Randomly select out control cases in proportion

to the quintile distribution of treatment cases

======================================

|

=====================================

Create a data set of the treatment cases, plus

the control cases you pulled out in the previous step

=====================================

Ta-da ta -da. Done!

Whether I am going to use SAS, SPSS or something else, I want to follow the same basic steps outlined above. Knowing what you need to do is half the battle. Okay, well, maybe not half, but it pretty much guarantees that in the battle between you and your computer that you’re going to win.

 

The second thing that transfers is the sense to re-use as much code as possible.

I was heartbroken that I could not find a simple quintile matching program with SPSS somewhere and had to actually write some statements myself. Still, as much as possible, I tried to re-use code I had already written. The first box above was already done for a different SPSS program.

Start with defining the path where your interim files and the final matched file will be stored. I changed from the program I had written previously using SPSS 20 on the Mac because the Mac version *** BLOWS *** . It crashed so often as to be worthless, so I switched to my Windows 7 machine.

/* Change file path here and only here */

DEFINE !pathd() ‘c:\Users\AnnMaria\Documents\Here’ !ENDDEFINE.

/* This is the data set with all of my original data */

DEFINE !readin() ‘:\Users\AnnMaria\Documents\Here\ItIs.sav’ !ENDDEFINE.

The third thing that transfers is your knowledge of concepts relevant to solving the problem.

For example, even if you’ve never done a line of SPSS syntax in your life, if you use SAS you recognize the usefulness of something like a LIBNAME statement which defines the directory for your files, so that you don’t have to do it over and over. Also, you can change that directory in one place, and it permeates throughout the program. That is exactly what I am doing in that DEFINE !Pathd() above.

Similarly, if you are familiar with a macro variable, you can understand that both the !pathd  and !readin are acting as macro variables, to be reused throughout the program.

IT IS ASSUMED that the dependent variable is named treatm and coded 0 for the control (larger) group and 1 for the treatment (smaller) group. I also need to perform a logistic regression to compute the propensity score . I covered how to do that in a previous blog. You should have been paying attention.
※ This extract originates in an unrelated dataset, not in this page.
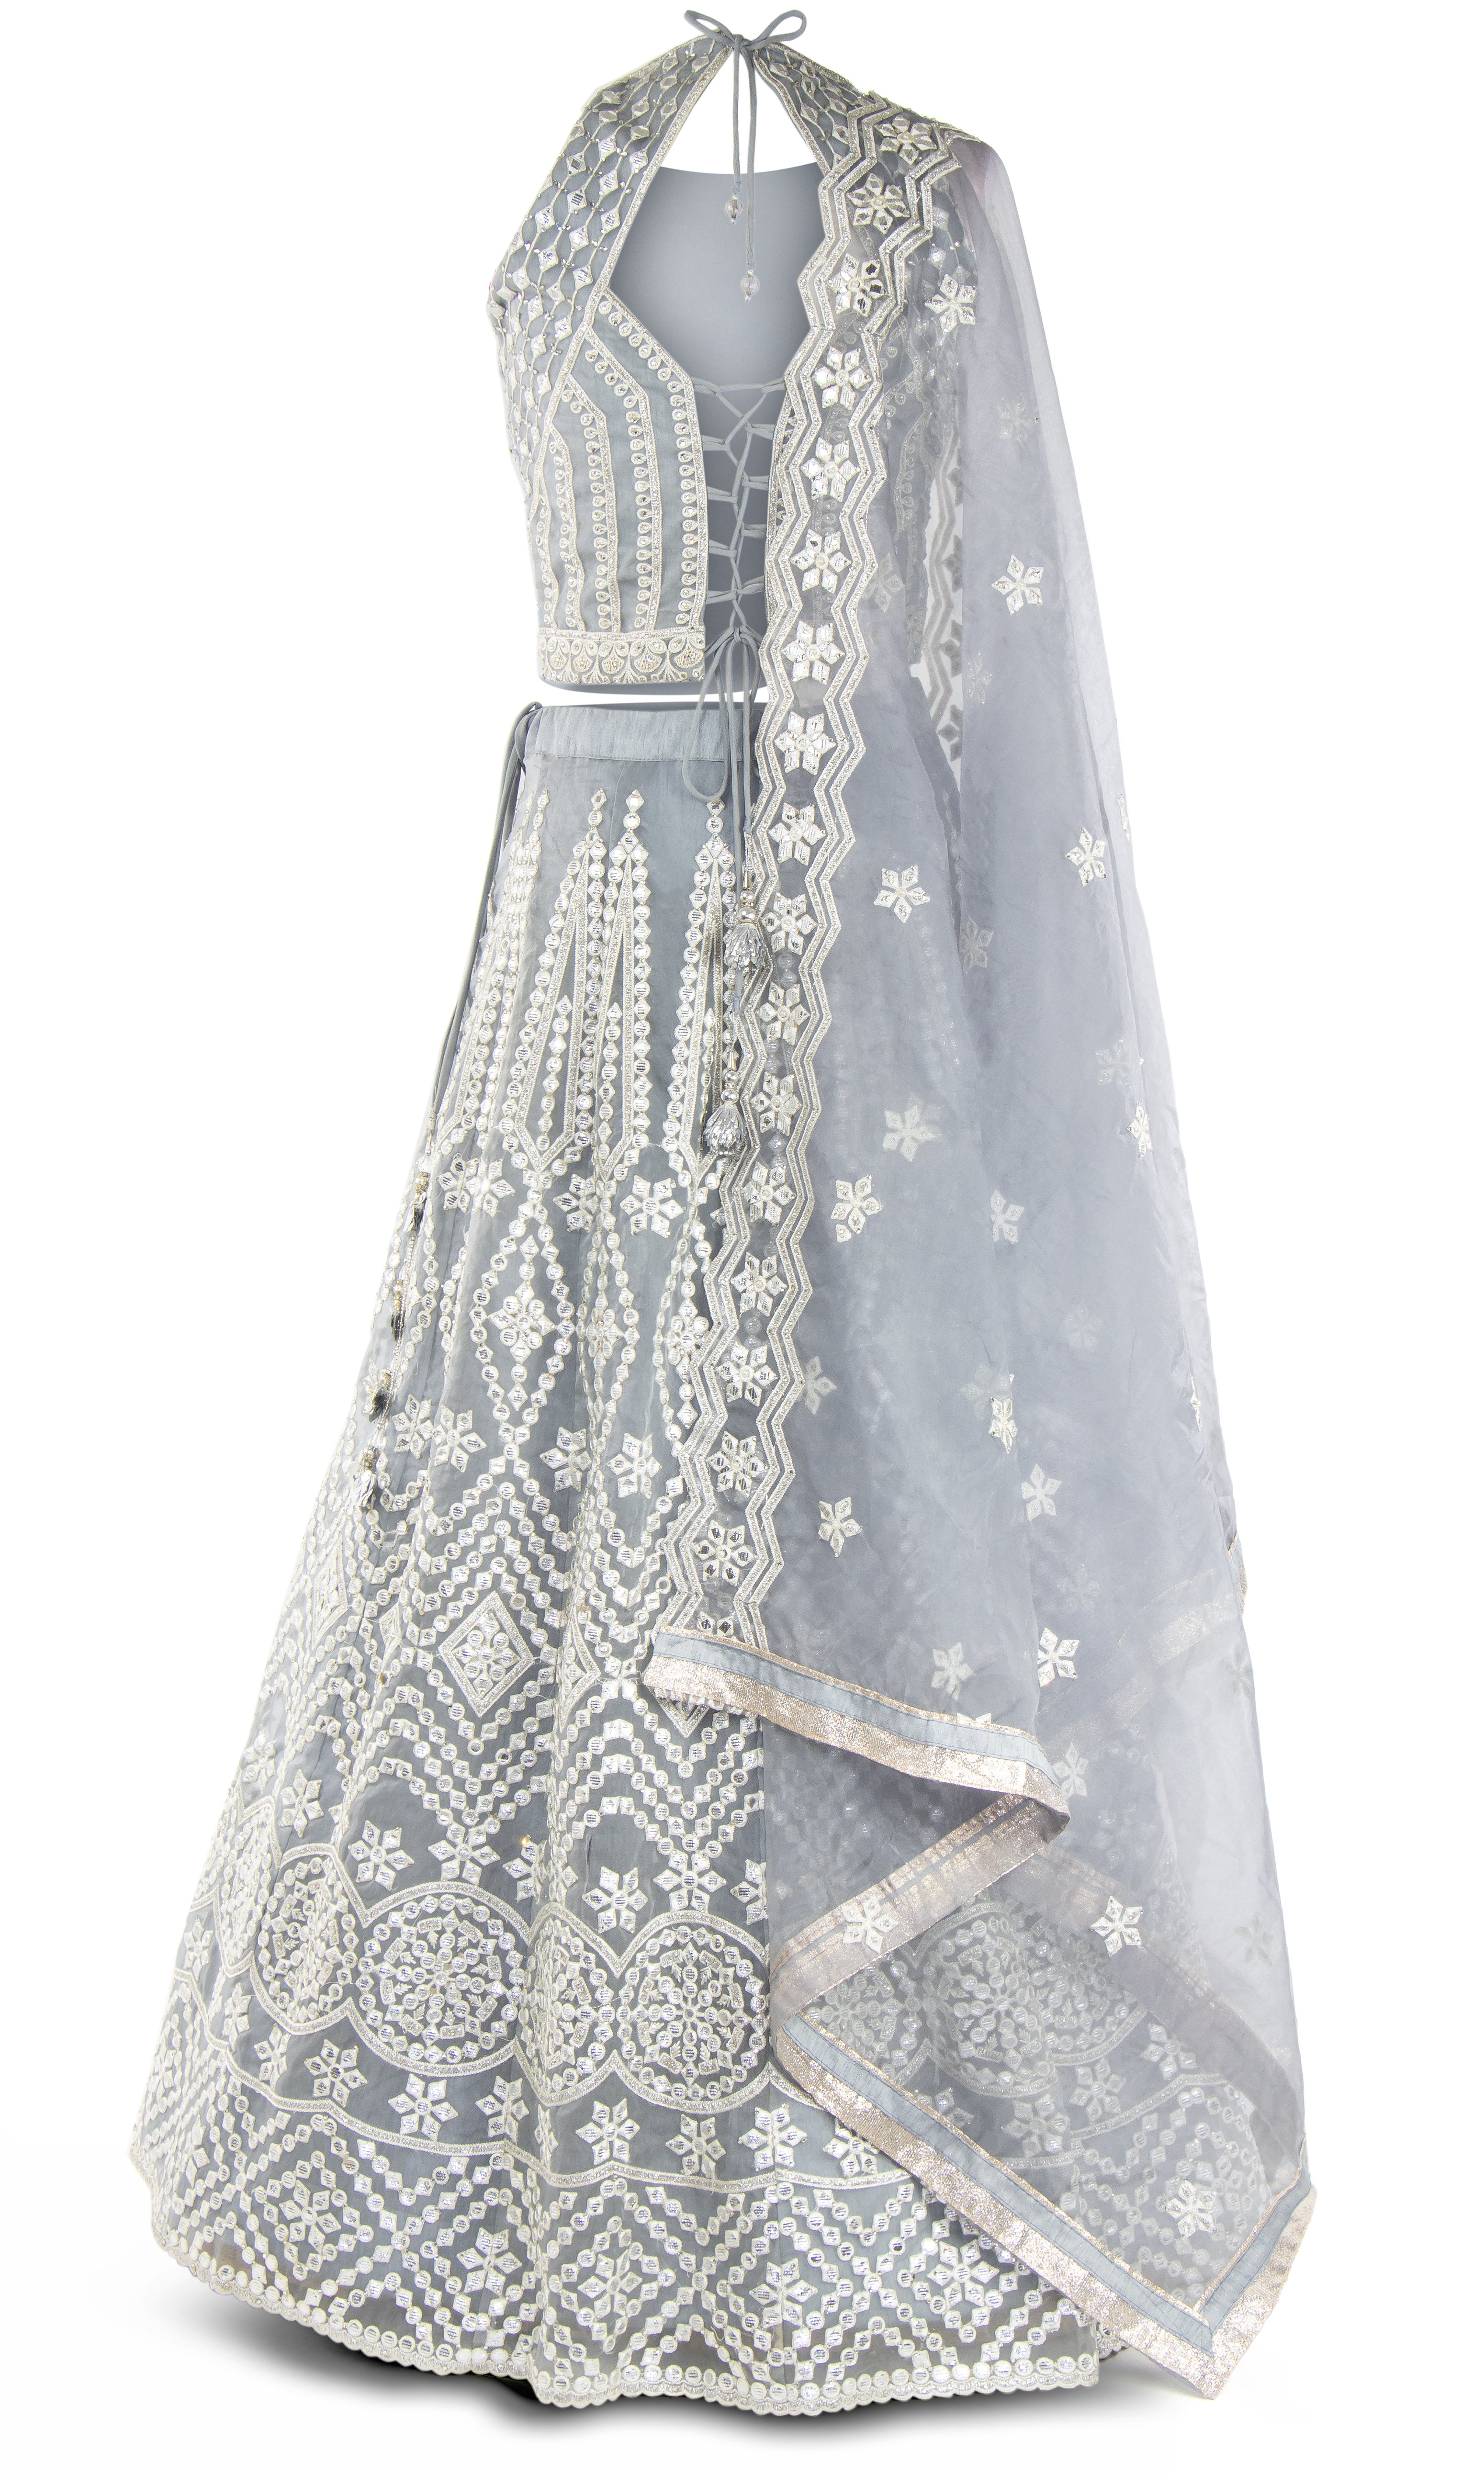 A sleeveless gray lehenga is embellished in a diamond pattern mirror fabric.
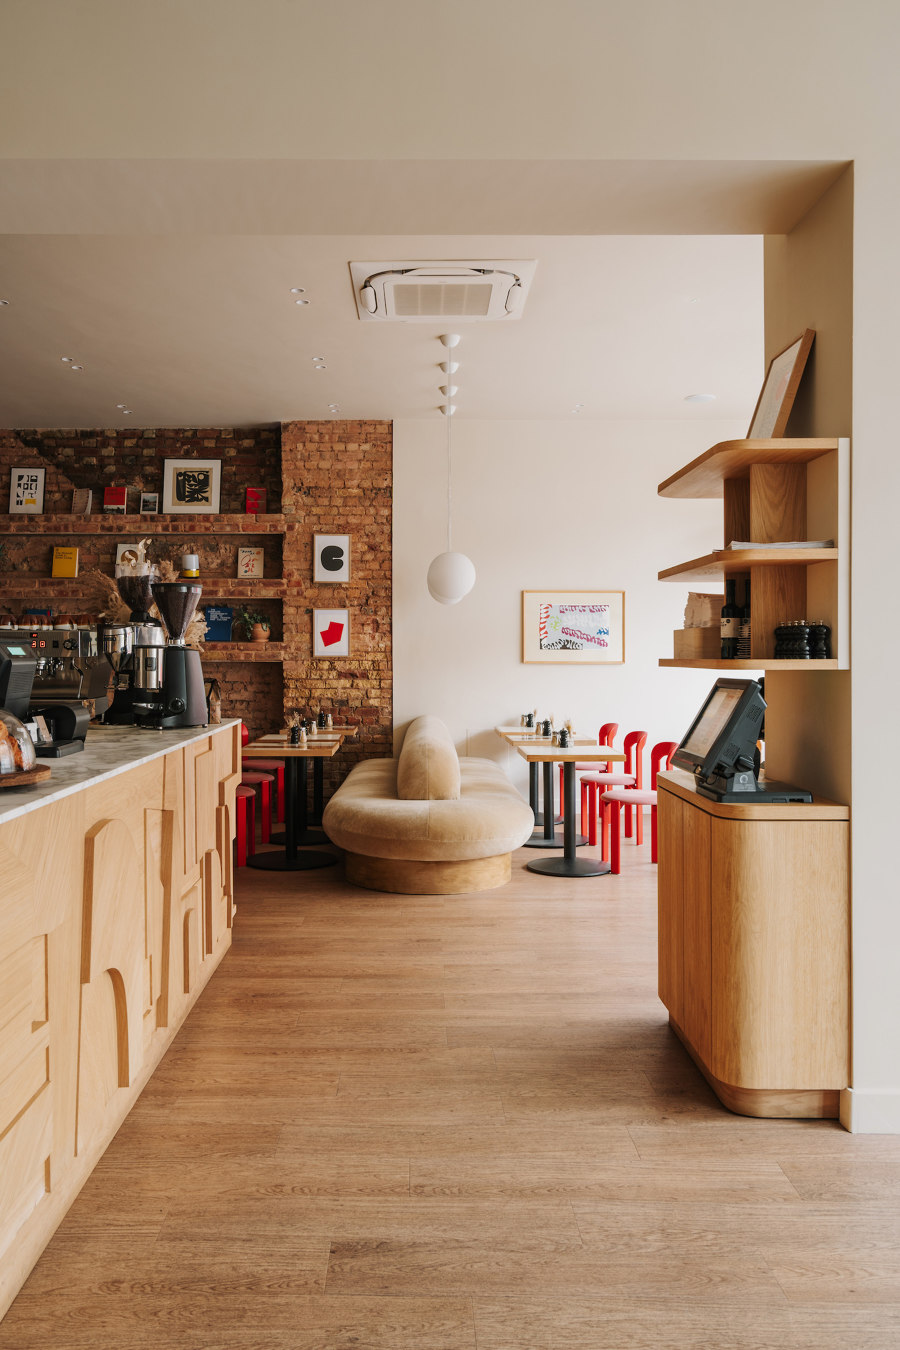 Beam Cafe von Ola Jachymiak Studio | Café-Interieurs

Next is computing quintiles. Here is how you happen to do it in SPSS. Again, even if you’ve never used SPSS before, if you have some experience with statistical programming, you know what a quintile is (it’s dividing the group into five equal parts – the lowest 20%, 20-40% etc.).

* Find the quintiles .
GET
FILE=!pathd + ‘test.sav’.
FREQUENCIES VARIABLES=PRE_1
/FORMAT=NOTABLE
/NTILES=5
/ORDER=ANALYSIS.
EXECUTE.

****** SELECT AND RUN EVERYTHING FROM THE  FIRST LINE TO HERE TO CALCULATE QUINTILES .

This will give you output of percentiles that looks like this

Percentiles

20     .9345586

40    .9565614

60   .9690461

80   9789572

***** STEP 2: SELECT AND RUN EVERYTHING BETWEEN THESE LINES, from here .

***** USING THE NUMBERS FROM THE PREVIOUS STEP, code the quintiles .

*Code the quintiles in the data set.

GET FILE= !pathd + “test.sav”.
RECODE PRE_1 (0 thru .9345586=1) (.9345586 thru .95656=2) (.9565614 thru .9690461=3) (.969046 thru .9789572=4) (.9789572 thru 1=5) INTO Quintile.
COMPUTE x = RV.UNIFORM(1,1000000) .
VARIABLE LABELS  Quintile ‘Quintile’.
SAVE OUTFILE=!pathd + “test.sav” .
EXECUTE.
COMPUTE filter_$=(treatm = 1).
VARIABLE LABELS filter_$ ‘treatm = 1 (FILTER)’.
VALUE LABELS filter_$ 0 ‘Not Selected’ 1 ‘Selected’.
FORMATS filter_$ (f1.0).
FILTER BY filter_$.
EXECUTE.

FREQUENCIES VARIABLES= Quintile
/ORDER=ANALYSIS.
EXECUTE.

****** STEP 2: SELECT AND RUN EVERYTHING BETWEEN THESE LINES, to here .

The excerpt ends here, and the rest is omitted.